Sadistically enough, it was not Jamie, but rather me, who had told everyone.  Jamie was just a particularly easy target to point at, a pawn in my game. After all, she was the girl you could go to for all the gossip. Jasmine was a liar, and I had to tell everyone! I never told Jasmine that I was the one that had told everyone, and I made sure she wouldn’t talk to Jamie about it.  Jasmine was too cooped up in her own thoughts, her misery, and she had changed schools the day after the incident. For a mere moment, I felt guilty, but the odd feeling in my heart disappeared upon thinking about her lies. Still, she was my friend and I told the truth for her own benefit, so that she would realize that lying was no good. Telling her about my actions would only make the situation more chaotic and complex than it really was, and this too was no good.

Only I was aware that behind Jamie’s tough exterior was a sweet, acquitted girl who would never do anything to hurt her friends. Nevertheless, the truth about herself that she had showed was inevitably, the version of her that everyone saw, and the compassionate, quiet girl that I had portrayed to be, was how everyone saw me. The truth was what people saw, what they observed, and thankfully, they weren’t aware of the thoughts, the truth in my mind. Our lives weren’t a movie, nobody was holding a camera to our face, recording all our actions, and without a snapshot of reality, nobody really knew what was going on in our world. There were no facts, and even the facts could be altered by those astute.

Unlike Jamie, who I’m sure had secrets of her own; Jasmine was an entirely different story. She was a liar, and a brilliant one at that, and all her lies deserved to be revealed. I was never sure of the reason for her lies, but it had should not have mattered. She was feeding everyone around her lies about how perfect her life was, and in taking in these lies, we were composed entirely of lies. We had practically been her guinea pigs the entire time, the ones she could test her newest lies on, and determine whether they worked. I refused to be fooled by her charm, her façade of innocence, and by all the times that she had cried, as if she was truly human. In fact, she was human, but the kind that was free of feelings, of a moral conscience, and I was the kind that knew that everyone had to find out the truth, the kind that did humanity justice.

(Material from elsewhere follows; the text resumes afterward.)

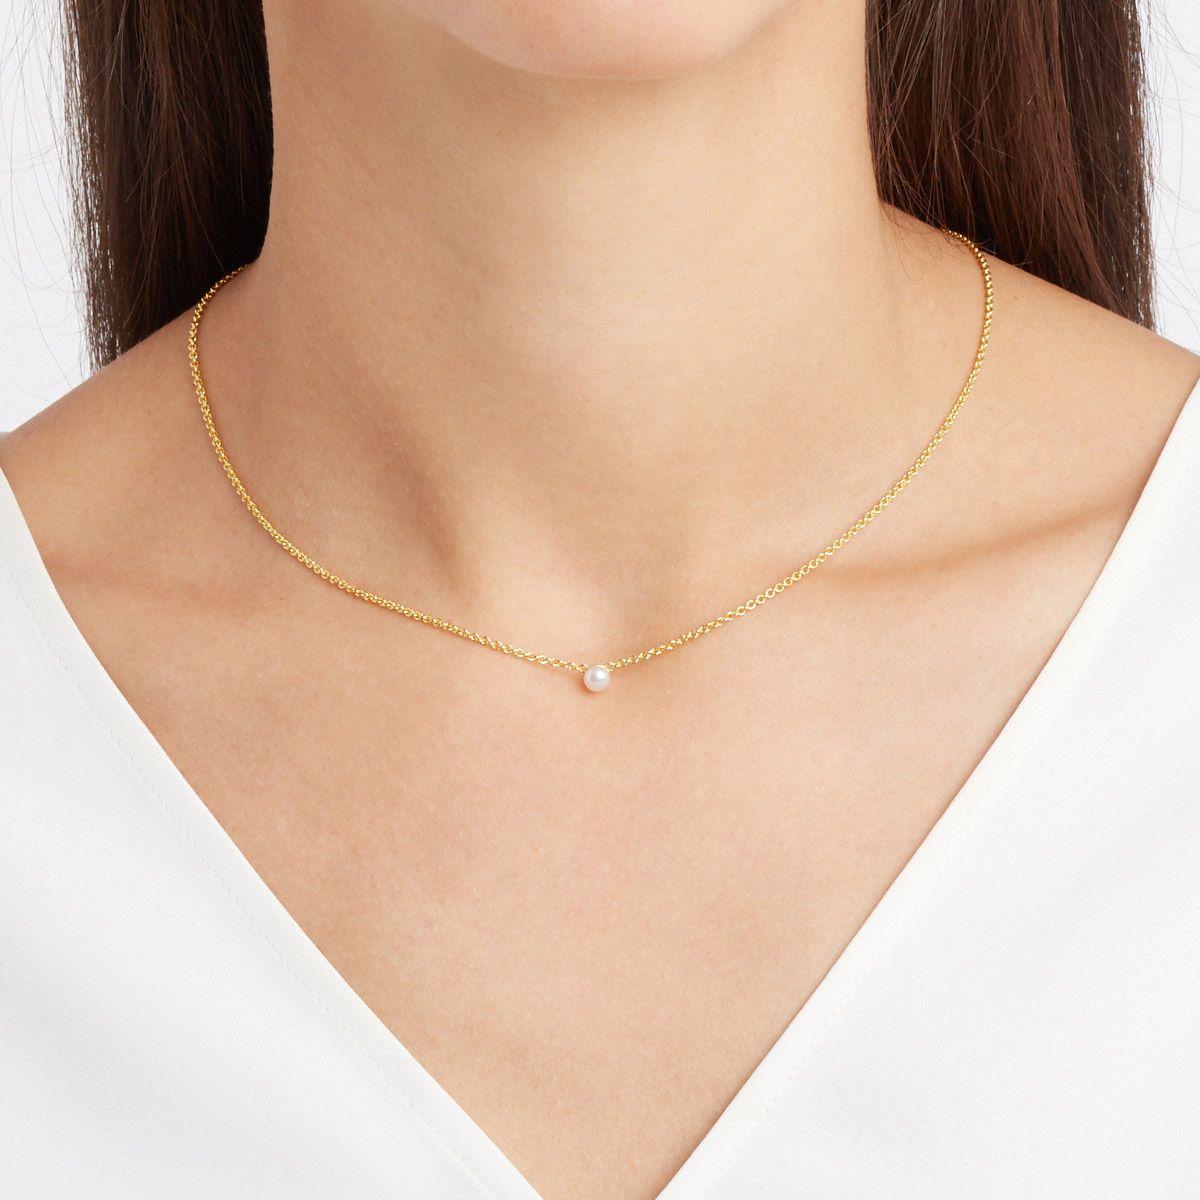 Sinja - Perlenketten - Silber

Nobody would be able to find out what I had done; after all, truth was a butterfly flying farther and farther away, as footsteps came closer, and I had personally taken on the task of assuring so. It was as if the butterfly of truth was no longer living, and I was pulling it by a string attached to its wing, while people foolishly chased the butterfly. The most magical of facts about this butterfly is that as one touches the ever-beautiful butterfly, it disappears and falls into broken pieces. That one person is the only person who has encountered the truth, until the truth disappears. There is no assurance that when the individual blabbers to their friends, the truth that they are gossiping about is really the truth. We fail to trust one another, once again, questioning everyone and every phrase spoken around us. Still, I was continuously carrying the dead weight of the butterfly around, and at that point in my life, I had found pleasure in doing so, that is building a web of lies, controlling the world around me. After all, I held the butterfly in my hands. When I had told everyone about Jasmine’s lies, I had failed to realize that the butterfly had previously laid eggs, created more of its own kind, and its offspring would, in the long run, carry the truth to all the other girls at school. In grasping so, I became a nervous wreck, already planning my next lie to her, while the world proceeded to pursue the truth.